Action item. Would you transcribe the listing that follows, character for character, and omit its images?

Exercise data.
↓↓↓

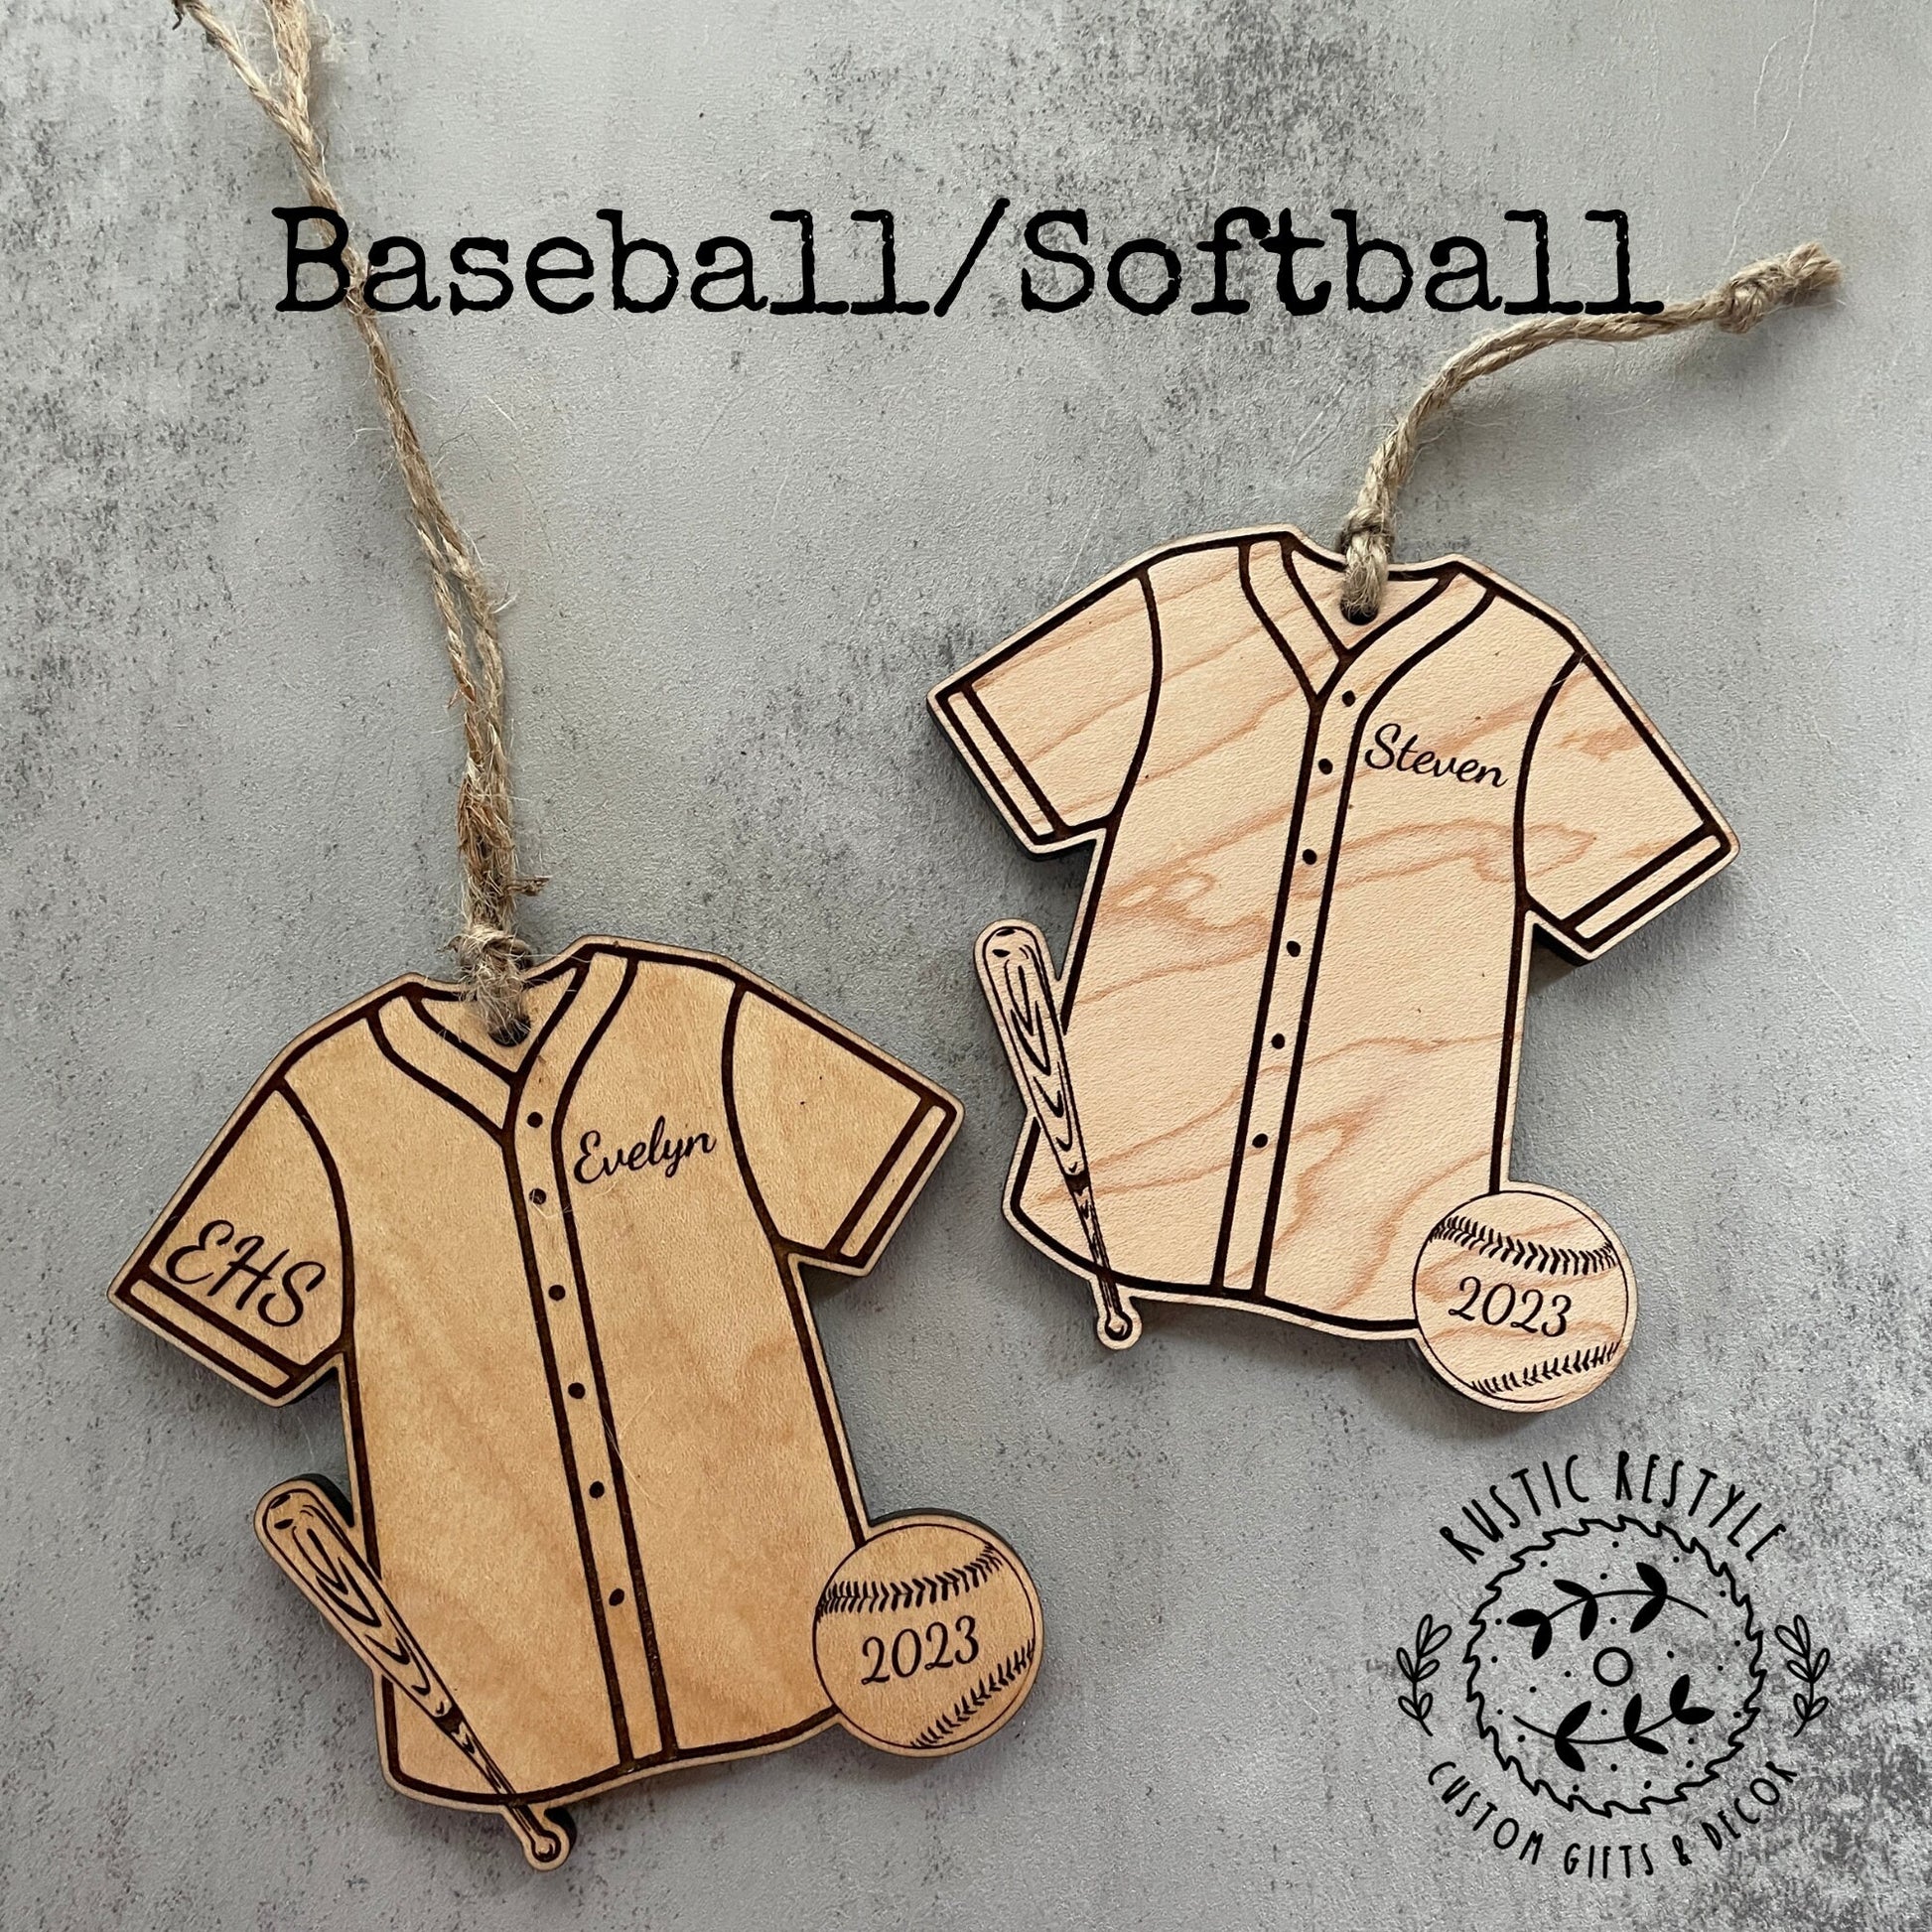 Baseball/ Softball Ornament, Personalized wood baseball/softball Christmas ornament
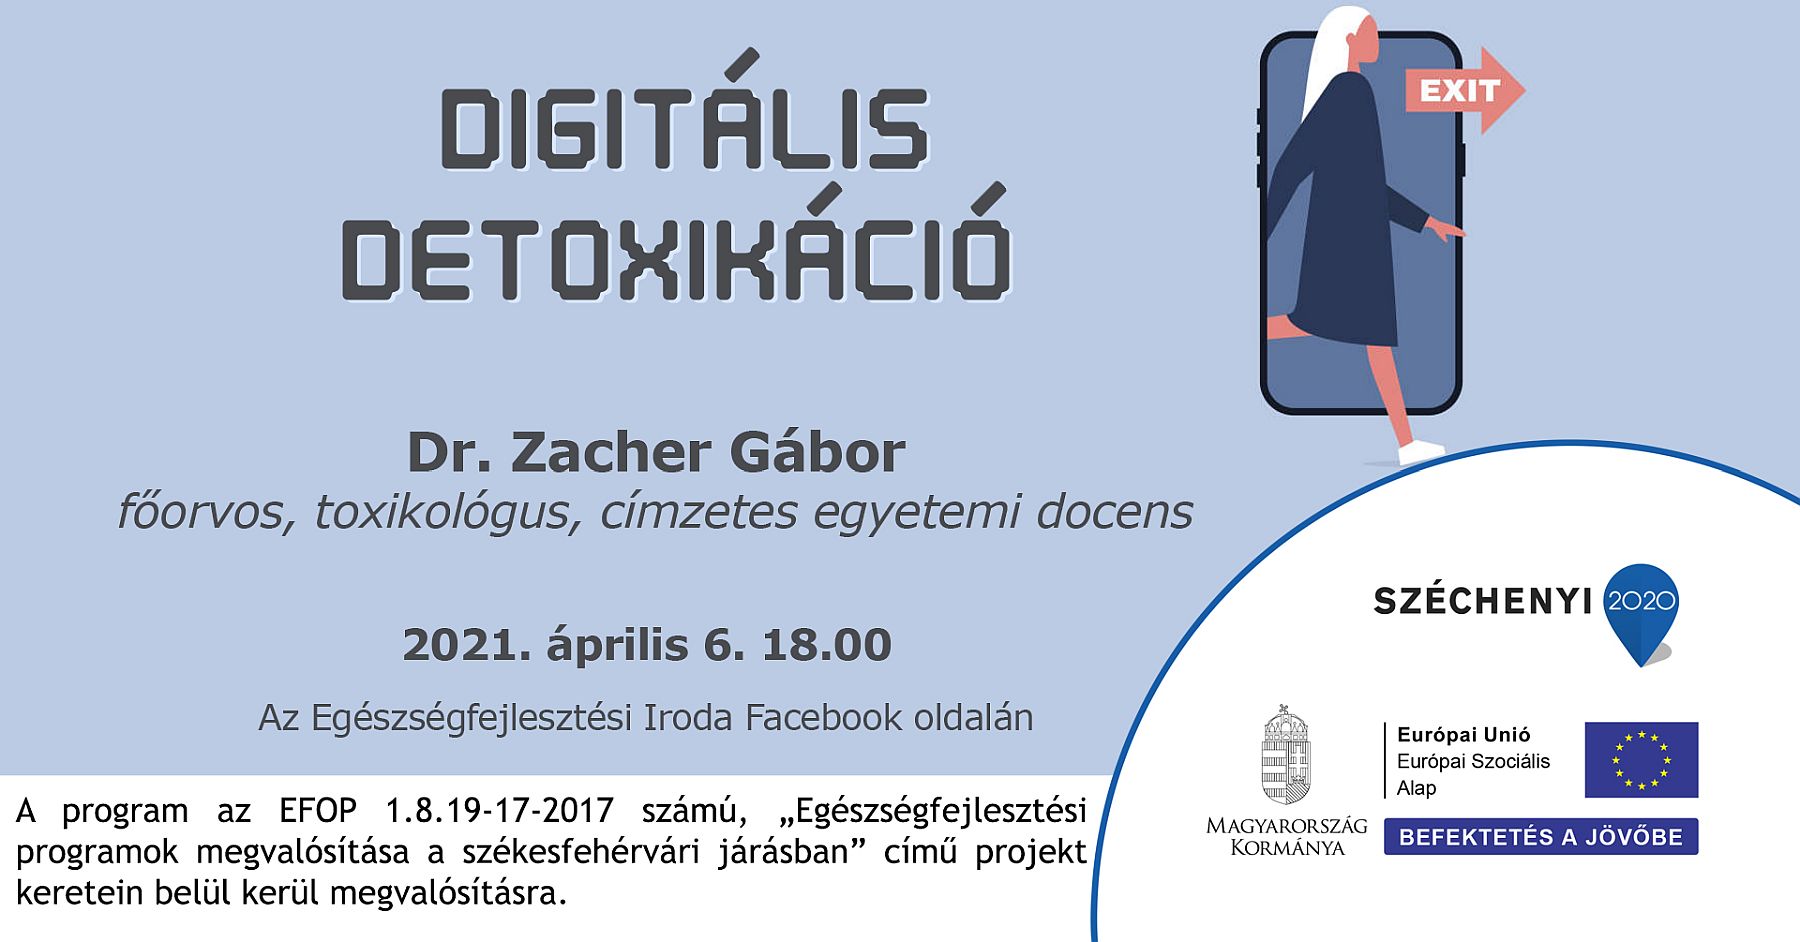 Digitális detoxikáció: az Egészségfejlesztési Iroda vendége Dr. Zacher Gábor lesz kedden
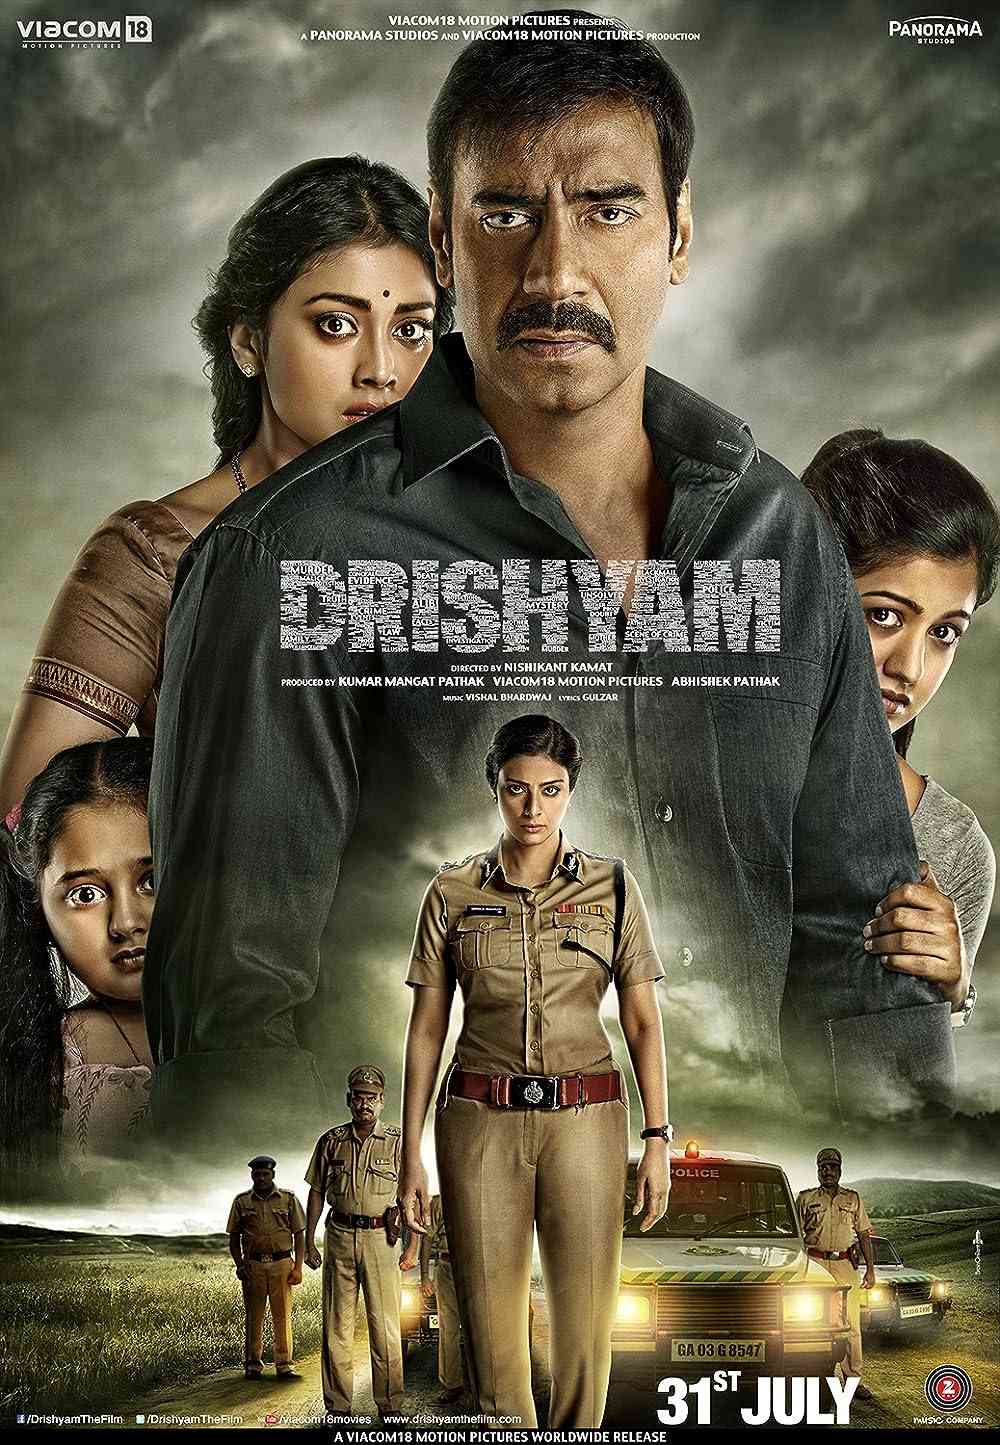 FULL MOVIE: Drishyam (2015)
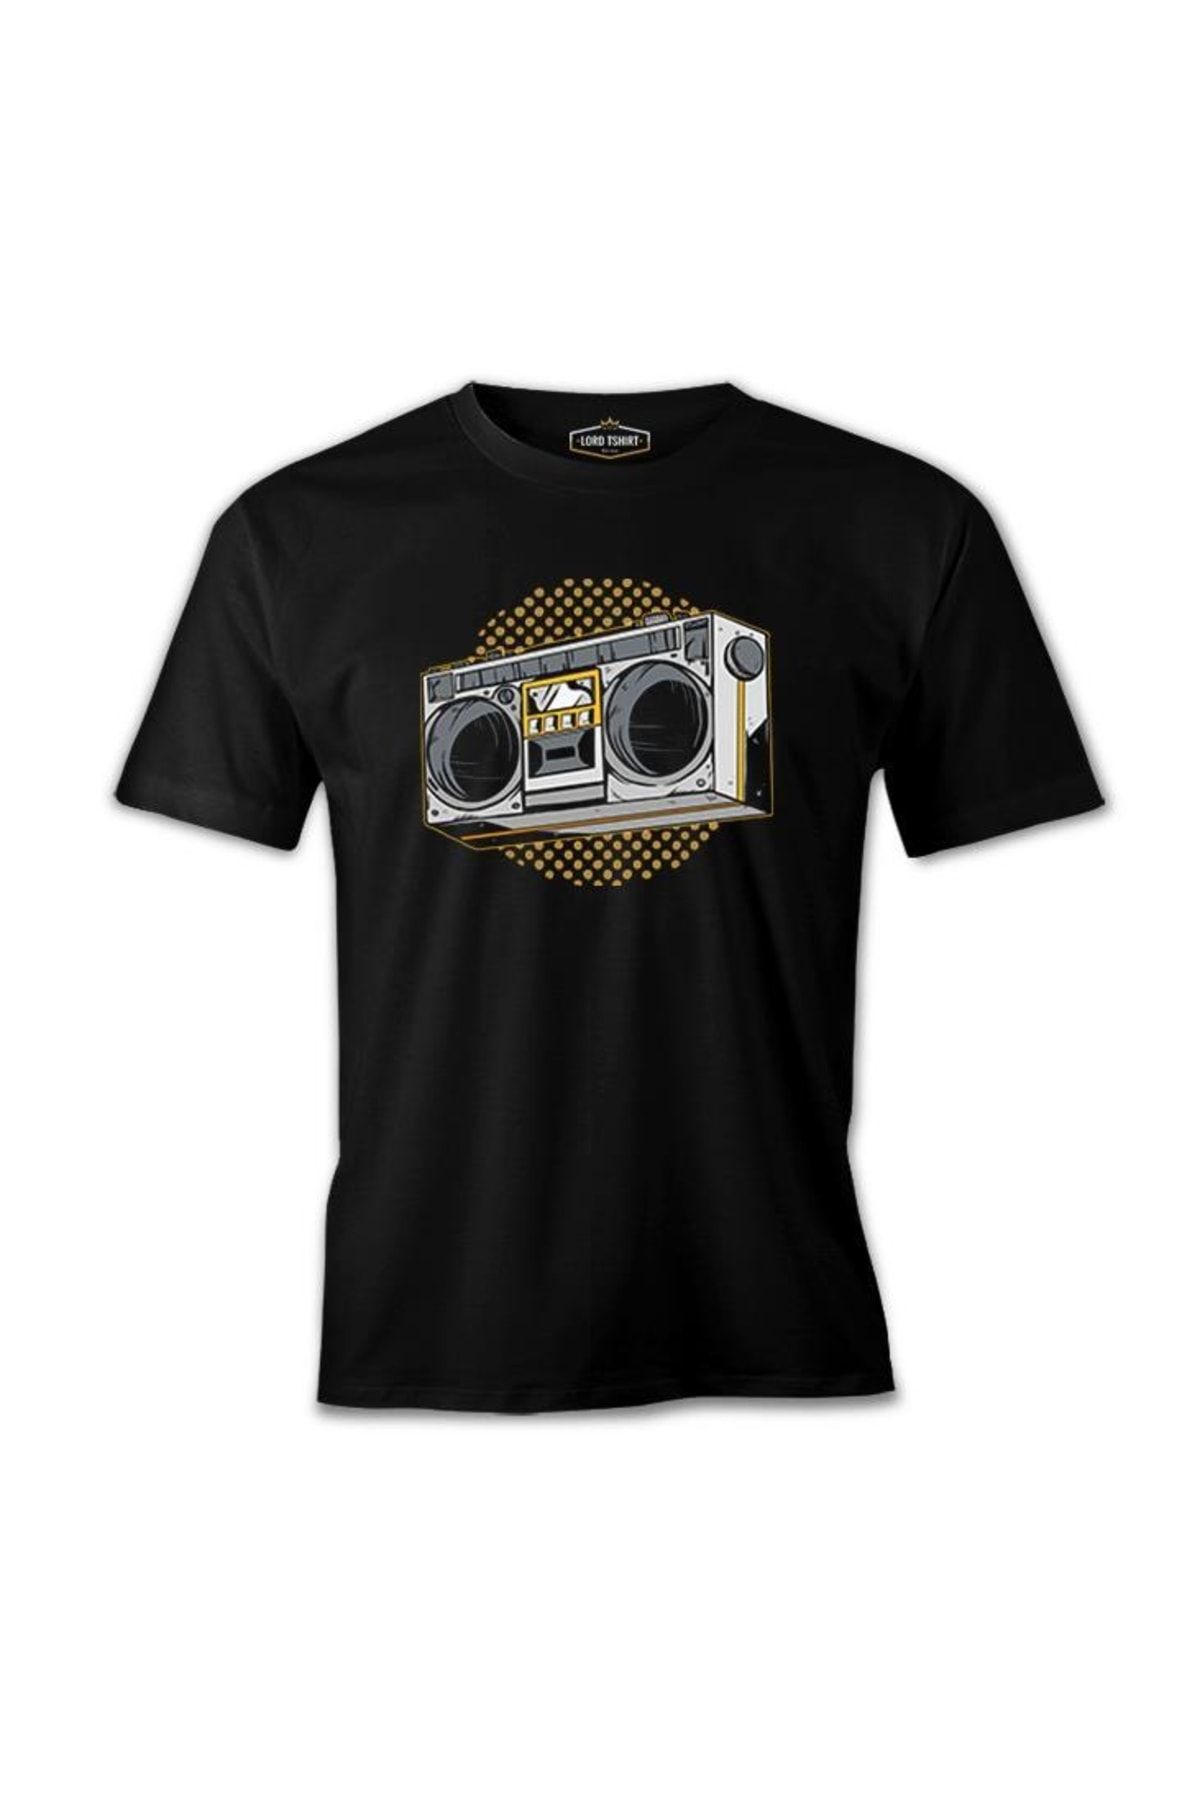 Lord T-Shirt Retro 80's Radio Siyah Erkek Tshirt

↑↑↑

Task solution.
 Baseball/ Softball Ornament, Personalized wood baseball/softball Christmas ornament
 Digitális detoxikáció: az Egészségfejlesztési Iroda vendége Dr. Zacher Gábor lesz kedden
 FULL MOVIE: Drishyam (2015)
 Lord T-Shirt Retro 80's Radio Siyah Erkek Tshirt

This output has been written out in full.